KHNL news team broke new ground


By Lee Cataluna

Calling it a "merger" is a euphemism. It is less of a joining, more of an ending.

In 1995, no one at the new KHNL newsroom would have dreamed what we built would end so quickly. I kept some of the promotional tchotchkes they gave us: KHNL Hawaii News 8 chip clips, an NBC Hawaii Today coffee mug, a key fob from the network affiliation switch party. Those all seem like artifacts now, souvenirs of big talk and big dreams.

Everyone at KHNL was taking a chance that this new fast-paced, technology-driven style of delivering the local news would turbocharge their careers. Nobody took the job to stay comfy until retirement. The place was thick with ambition, which everyone needed because the bumps in the road were craters.

In the beginning, before we were ever on air, we would go out to cover stories for practice newscasts no one ever saw. The general manager of another station busted my chops at a public event saying, "Hey, girlie, what time is this gonna be on? Ha ha ha!" We got that kind of trash talk all the time. We did our work and vented our frustration in the privacy of the news cars.

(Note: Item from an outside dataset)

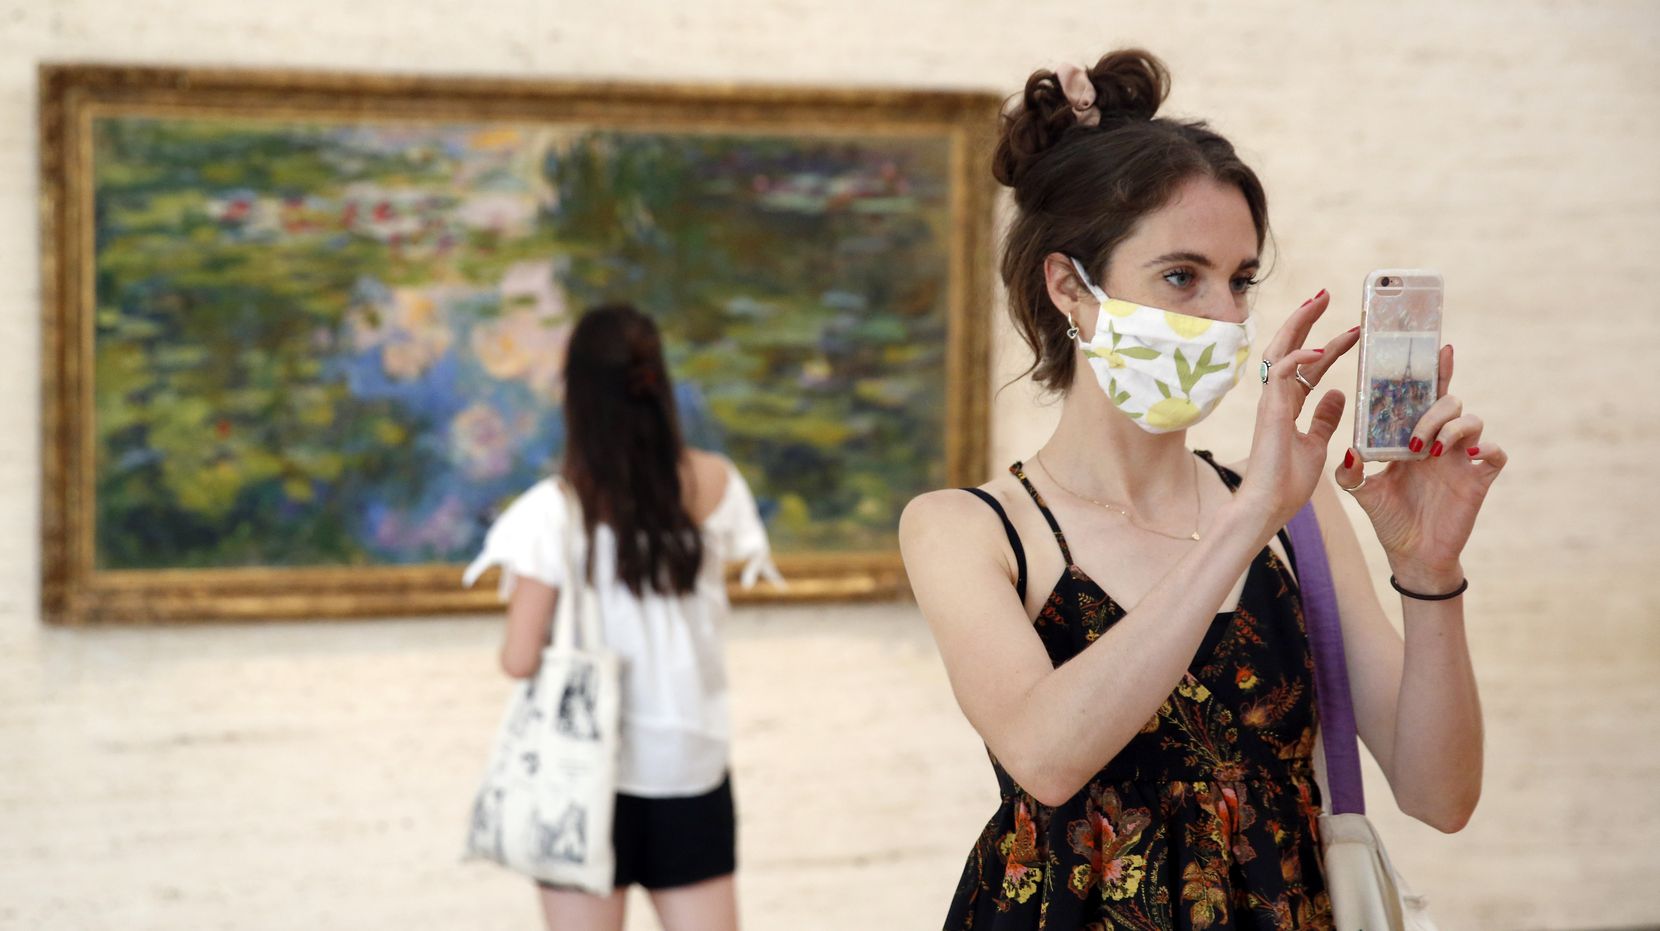 Libby Krueger of Fort Worth takes a photo of paintings in the Kimbell Art Museum as her friend Kimberly Brubacher of Los Angeles views Claude Monet's Water-Lily Pond (1917-19) in Fort Worth, July 14, 2020.

When the newscasts did launch on air, they were an ugly mess of glitches. The first all-digital newsroom in the country was the "beta test site" for the new technology, and we found every single bug the hard way. But we kept going. The next newscast was another chance to make it all work.

The list of people who came and went at KHNL was legendarily long, even 10 years ago. A start-up operation is rough, and people got disillusioned and worn out. A guy on our team used to make coconut hats for everyone's going-away present. He left, I left, many of the team we worked with left. I don't know most of the people who work there now, but I do know something about them: I know that all these years later, when the people who first launched KHNL's news have scattered to the winds, the ones who will put that effort to bed are probably more brave than the gutsy crew that started it.

Last week, reporter Paul Drewes was on set to introduce a story about the layoffs at KHNL. At the end, he confirmed that he was included on that list. He added that all of those losing their jobs would continue to deliver the news to the best of their abilities until the end. It is sad that it is ending, but what a dignified way to go.